Mari kita berbicara tentang "Laskar Pelangi" yang menjadi bagian dalam " my version of the Greatest Book".

Banyak daerah di indonesia yang masih jauh dari kata layak bila dibandingkan dengan kota-kota besar dalam hal pendidikan.
Bahwa kita semua yang mengenyam pendidikan dengan mudah harus bisa mensyukurinya, ketika melihat laskar pelangi kita bisa melihat geliat menuntut pendidikan yang sangat tinggi, bahwa mereka ingin terus berkembang setiap hari pergi sekolah walaupun harus menempuh puluhan kilo bahkan dengan keadaan yang tidak memungkinkan.
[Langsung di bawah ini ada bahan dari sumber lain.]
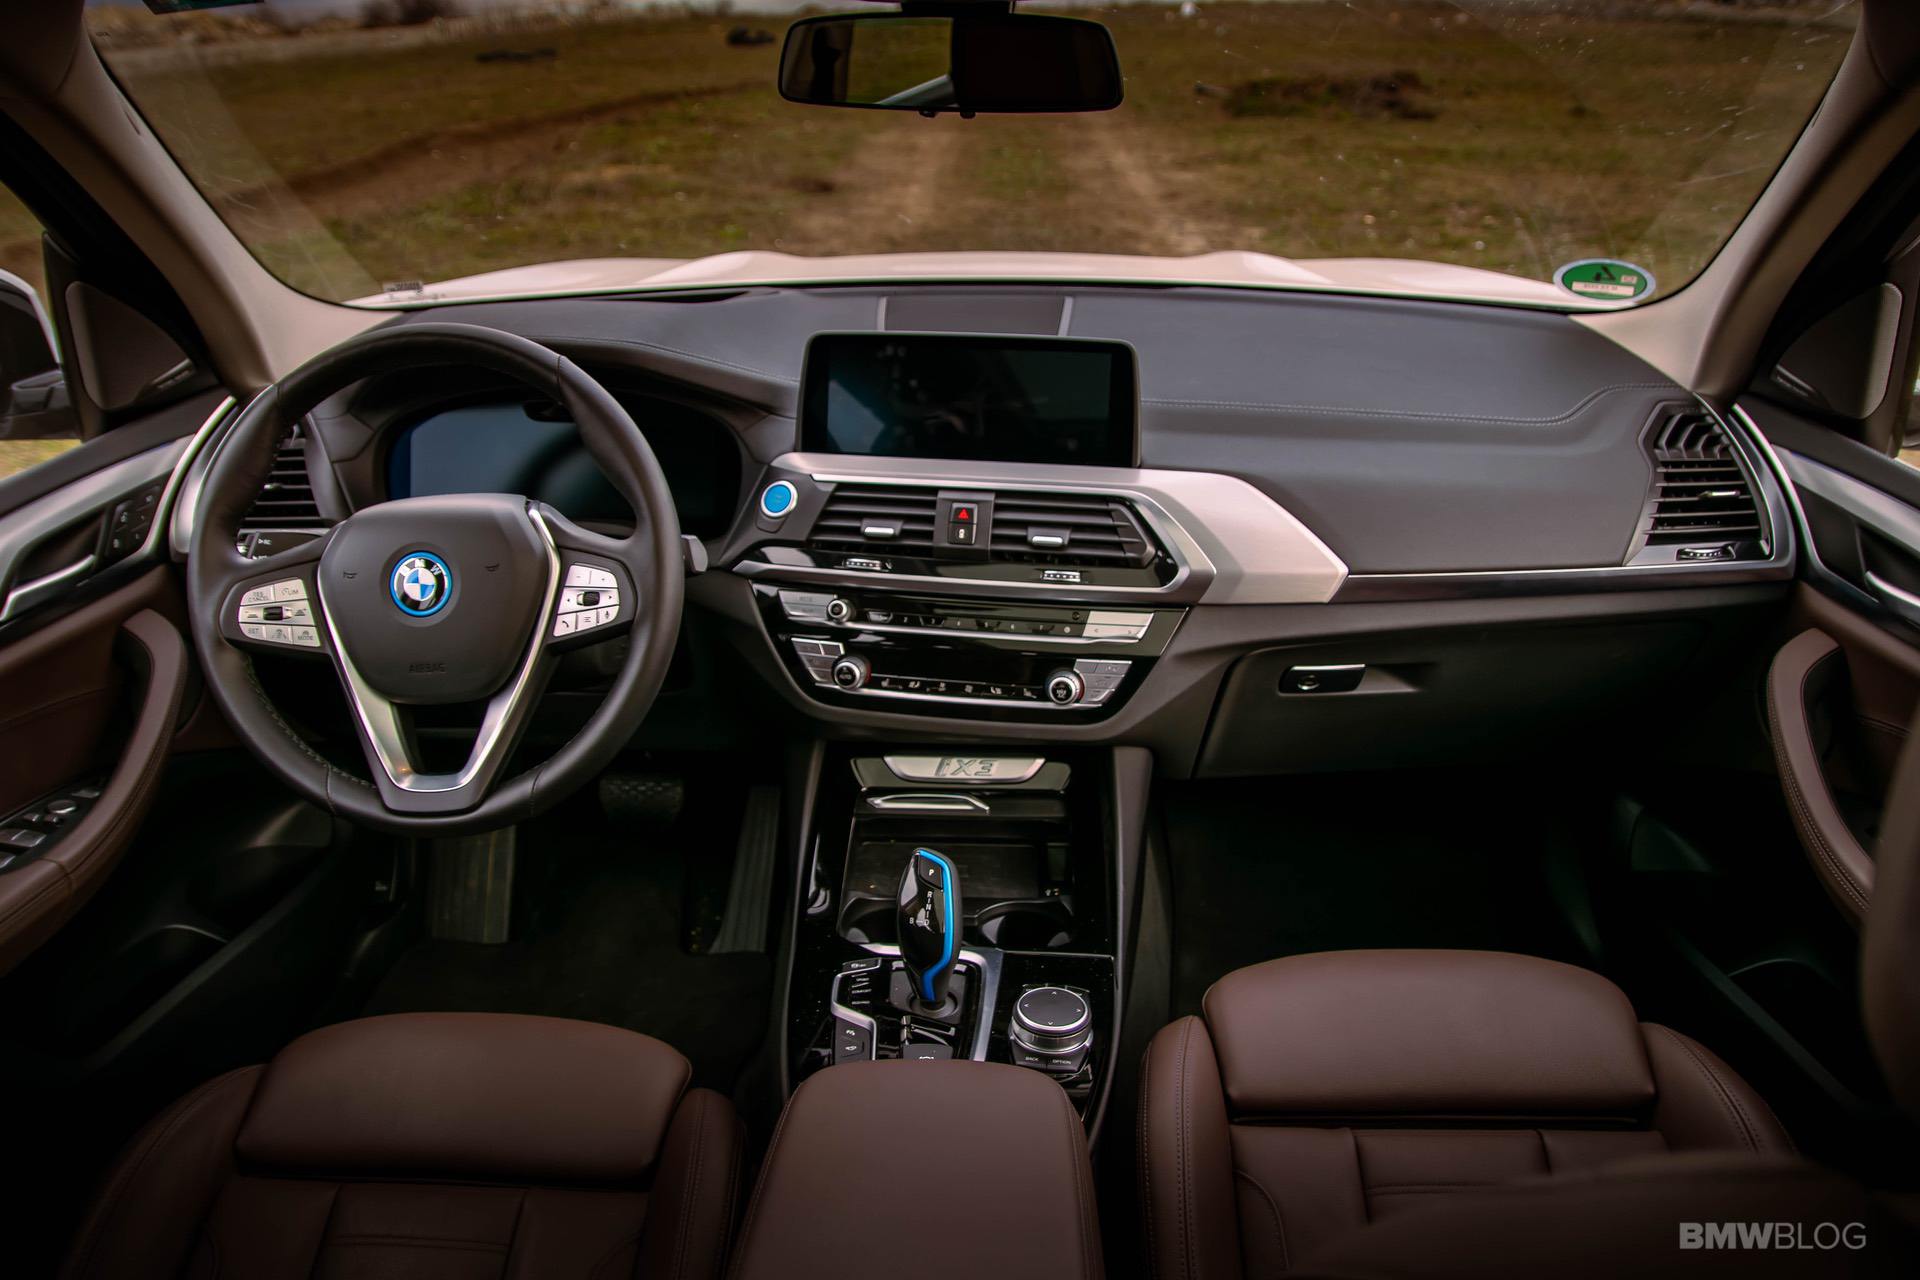 TEST DRIVE: 2021 BMW iX3 Electric SUV – Incremental Steps

Tapi yang membuatnya lebih terasa spesial adalah bagaimana mereka menikmati saat-saat bersekolah, bermain dan menjalani kehidupan dengan rasa syukur yang sama seperti kita pada umumnya walaupun dengan semua keterbatasan. Sekolah yang hanya sepuluh orang, kelas yang hampir rubuh yang setiap hujan bocor, dan ketika ujian harus menumpang ke sekolah lain karna kurangnya siswa.
"Belajar adalah hiburan yang membuatnya lupa pada seluruh penat dan kesulitan hidup. Buku baginya adalah obat dan sumur kehidupan yang airnya selalu memberi kekuatan baru agar ia mampu mengayuh peda menantang angin setiap hari. – Lintang"
"Hidup bisa demikian bahagia dalam keterbatasan jika dimaknai dengan keikhlasan berkorban untuk sesama. Hiduplah untuk memberi sebanyak-banyaknya, bukan untuk menerima sebanyak-banyaknya - Pak harfan"
Ada banyak "Lintang" lainnya di Indonesia yang tidak bisa menikmati pendidikan karna keadaan, tidak tersentuh oleh pemerintah; mereka yang harusnya menikmati masa kecil dan pendidikan tetapi harus dipaksa menerima keadaan.